The racial I.Q. gap, he argues, is “purely environmental.” For one thing, it’s been shrinking: over the last 30 years, the measured I.Q. difference between black and white 12-year-olds has dropped from 15 points to 9.5 points. Among his more direct evidence, Nisbett cites impressive studies in population genetics. African-Americans have on average about 20 percent European genes, largely as a legacy of slavery. But the proportion of European genes ranges widely among individuals, from near zero to more than 80 percent. If the racial gap is mostly genetic, then blacks with more European genes ought to have higher I.Q.’s on average. In fact, they don’t.
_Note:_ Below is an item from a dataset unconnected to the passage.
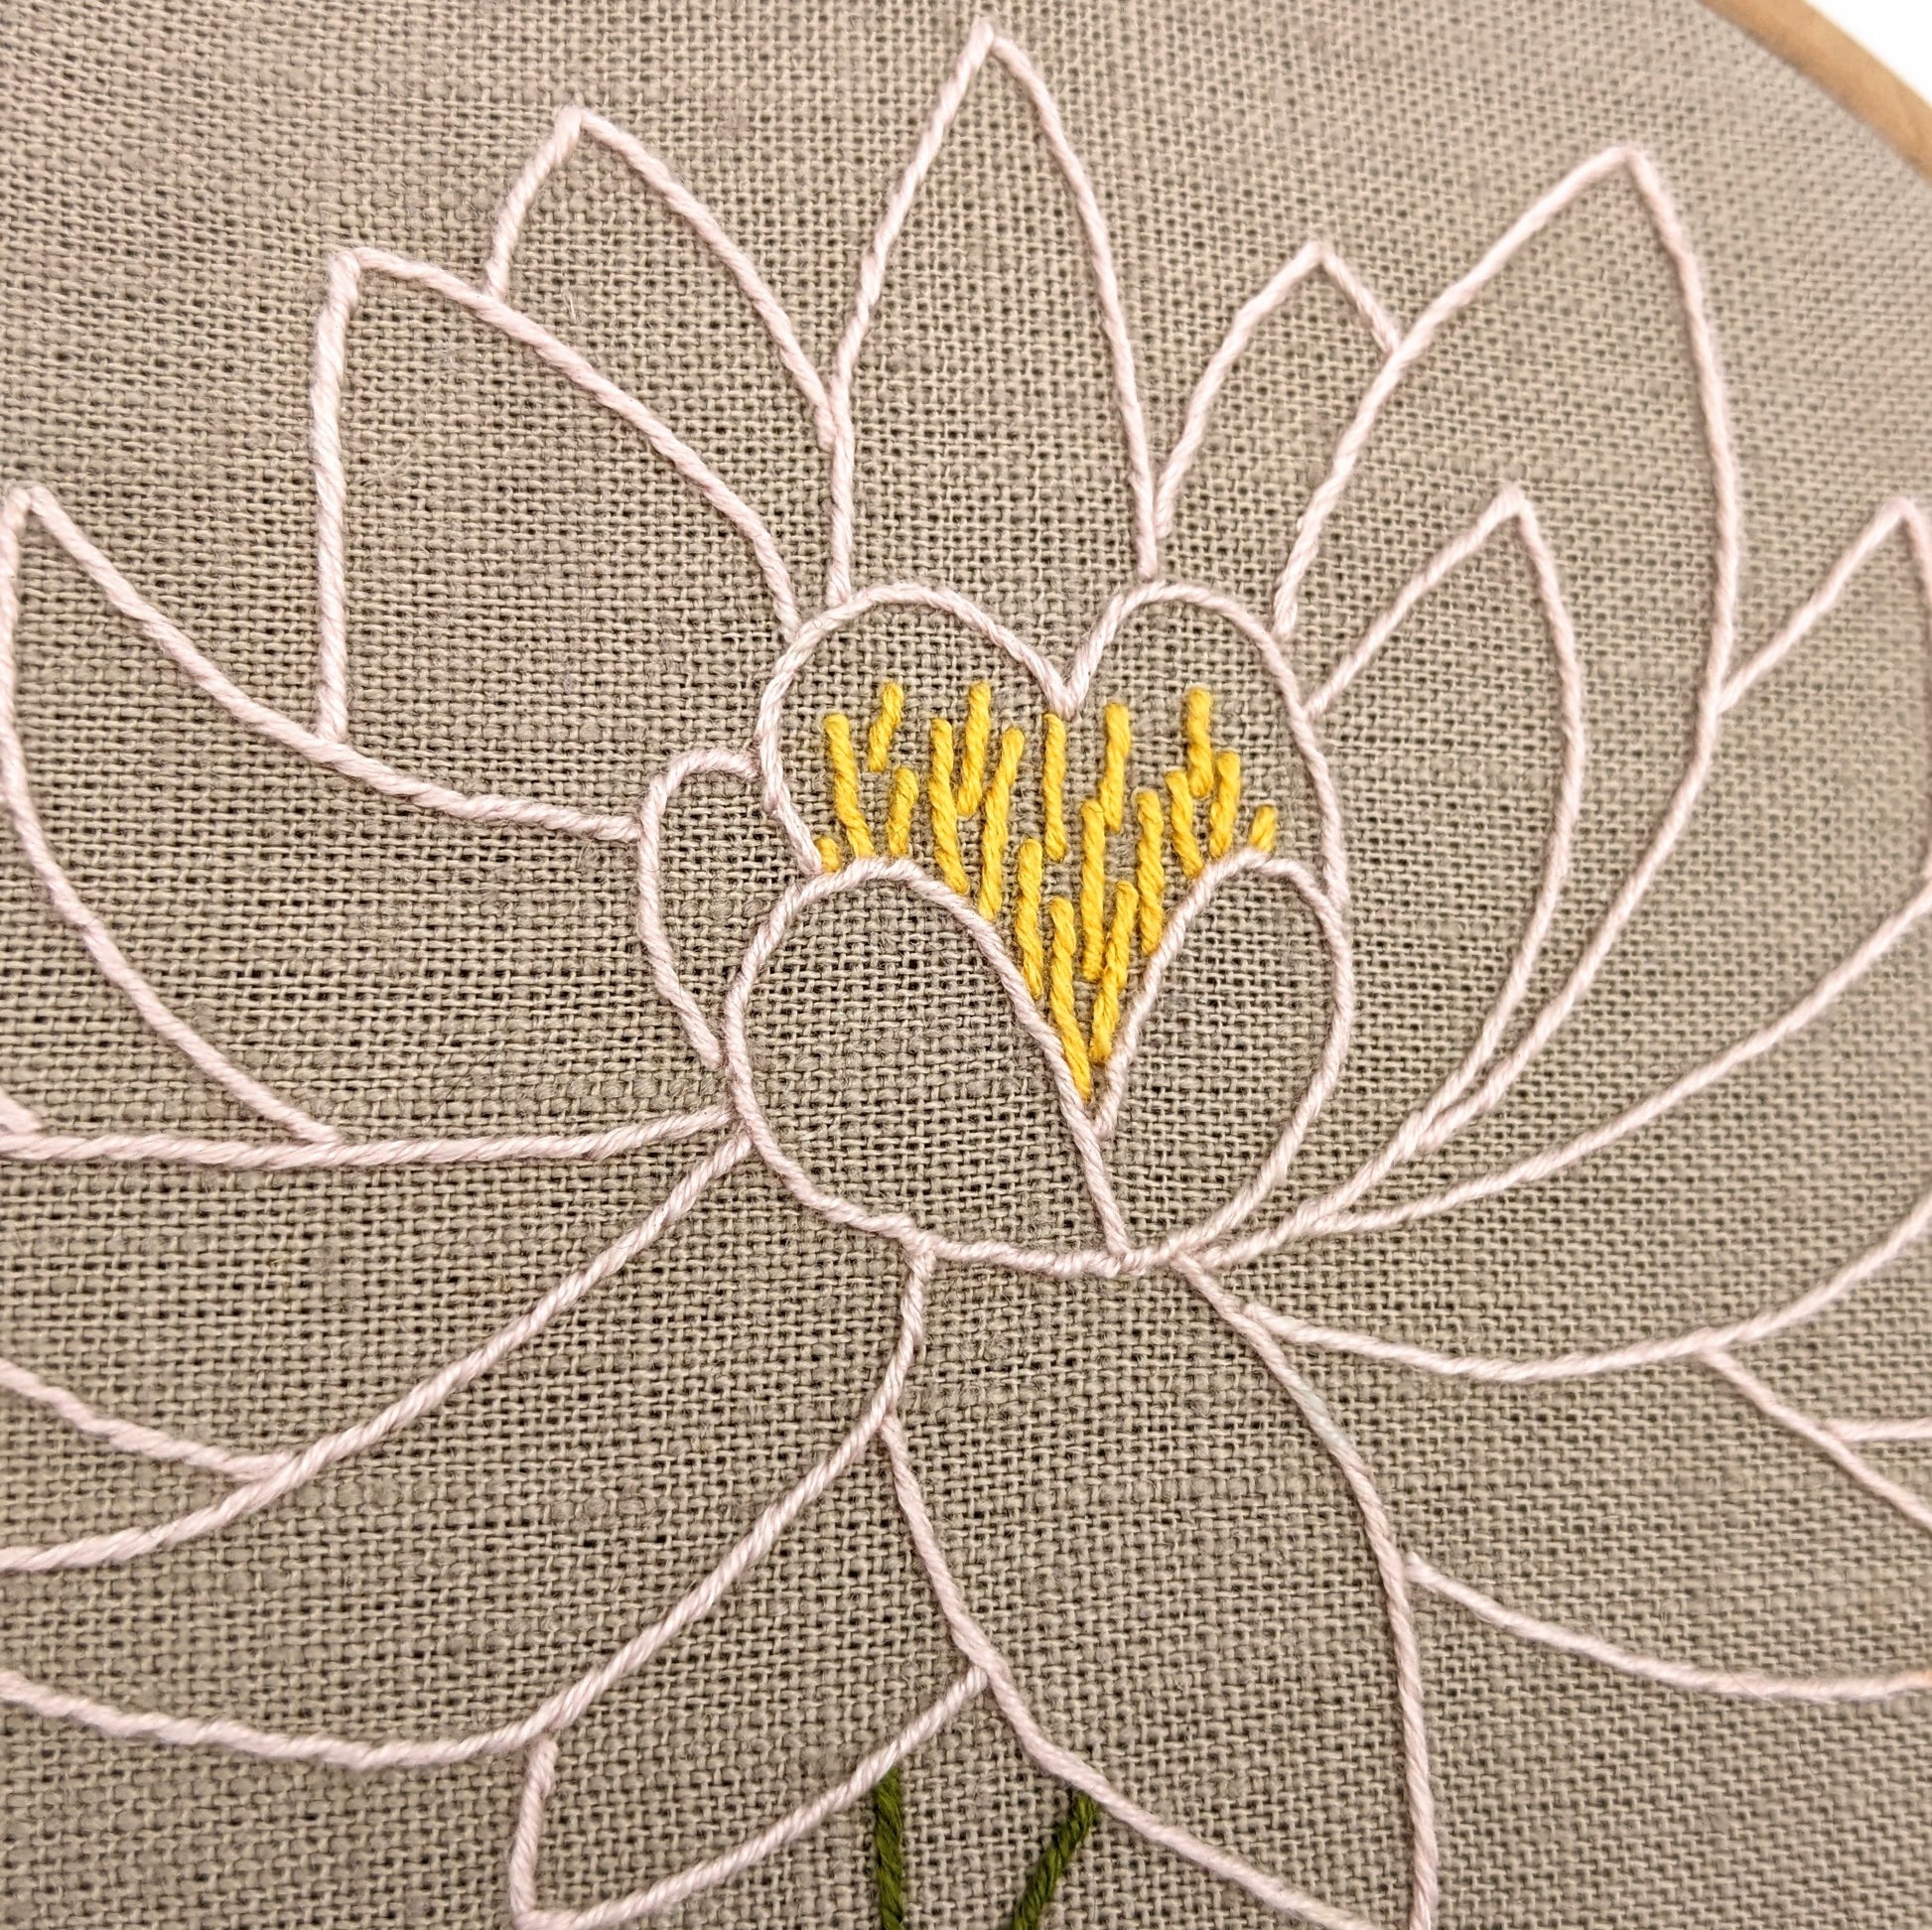 Water Lily Flower Embroidery Hoop Art – Noa Samson Embroidery

Nisbett is similarly skeptical that genetics could account for the intellectual prowess of Ashkenazi Jews, whose average I.Q. measures somewhere between 110 and 115. As for the alleged I.Q. superiority of East Asians over American whites, that turns out to be an artifact of sloppy comparisons; when I.Q. tests are properly normed, Americans actually score slightly higher than East Asians.

If I.Q. differences are indeed largely environmental, what might help eliminate group disparities? The most dramatic results come from adoption. When poor children are adopted by upper-middle-class families, they show an I.Q. gain of 12 to 16 points.

(hat tip: Sunil)

How Bush Had Nothing To Do With It

In a slightly confused piece on the rapport between Barack Obama and the British Tory leader, David Cameron, we get this nugget from Chris Stirewalt:

George W. Bush famously offered a more compassionate brand of conservatism, but it mostly amounted to allowing Democrats to go ape on domestic spending in order to preserve funding for the Iraq war. The growth of the government under Bush is regarded as a failure, not an intentional departure.
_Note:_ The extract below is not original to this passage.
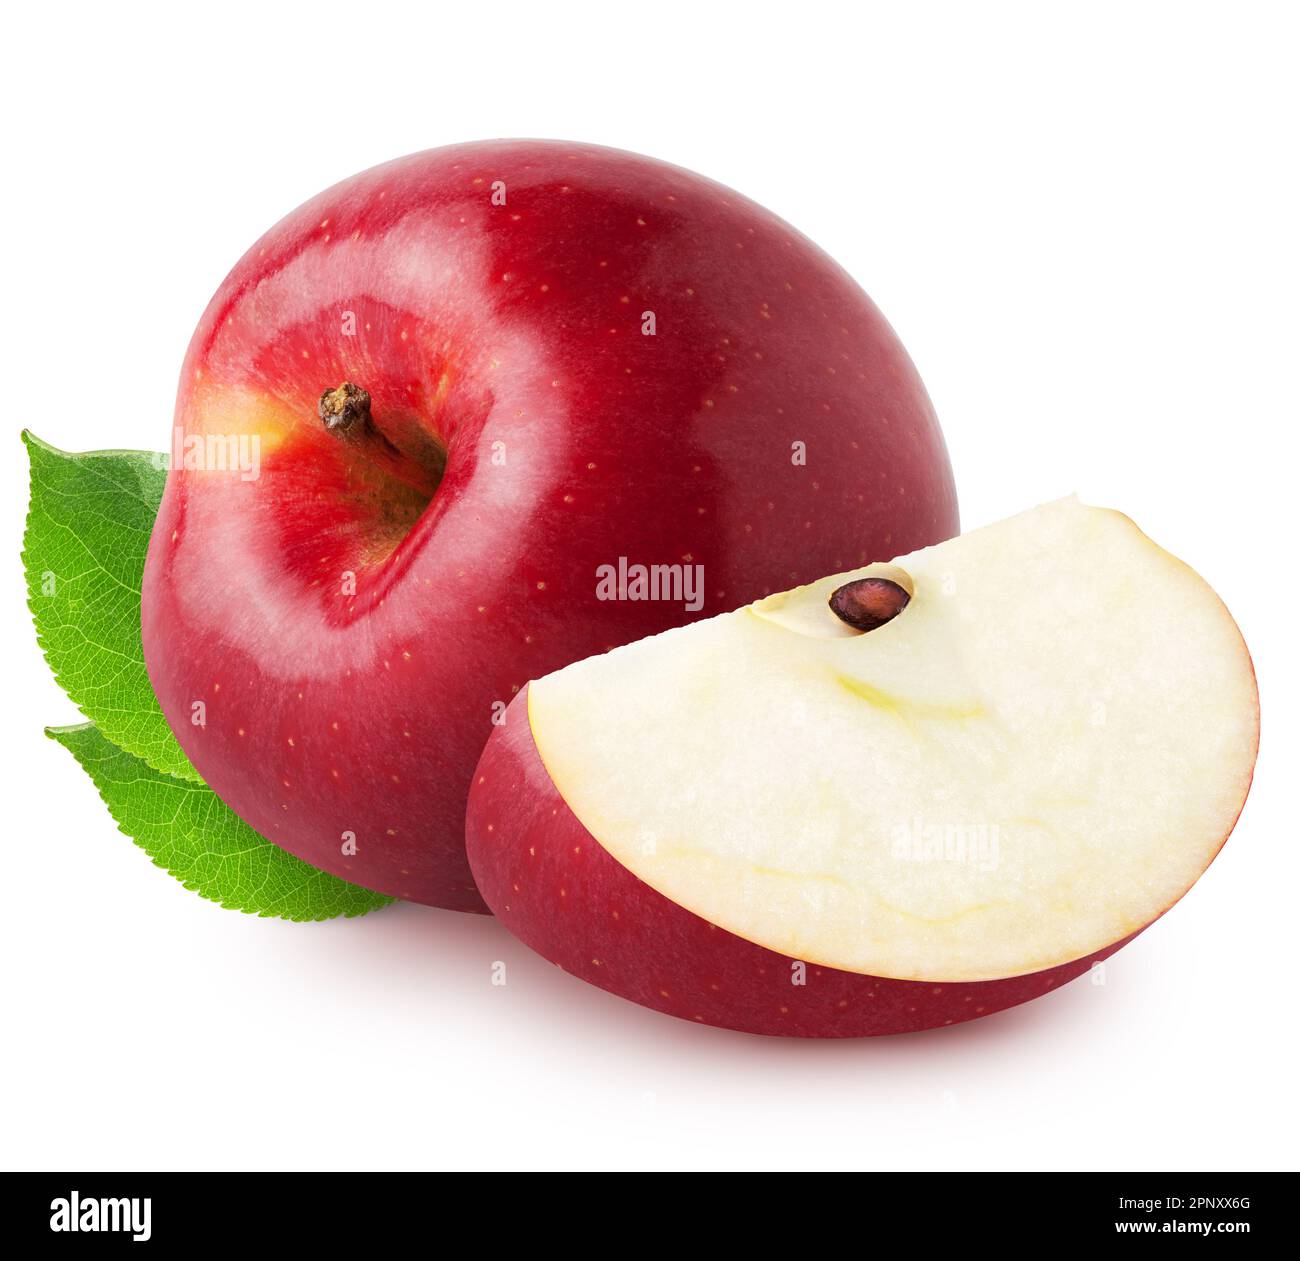 https://c8.alamy.com/comp/2PNXX6G/isolated-apples-whole-red-pink-apple-fruit-with-slice-isolated-on-white-with-clipping-path-2PNXX6G.jpg

For some reason, I thought the Republicans controlled the Congress, the White House and the Supreme Court for the overwhelming majority of the time Bush was president, and his own budgets were altered not so much in that time. For some reason, I recall that $32 trillion of future unfunded liabilities was added in the Medicare prescription drug act by forcing Republicans to stay up half the night until they signed on the dotted line. But I guess you have to massage history if you are to maintain the fiction that small government conservatism – barely practised even by Reagan – only died at the hands of the left.

Nah: Rove killed it. And it was premeditated murder.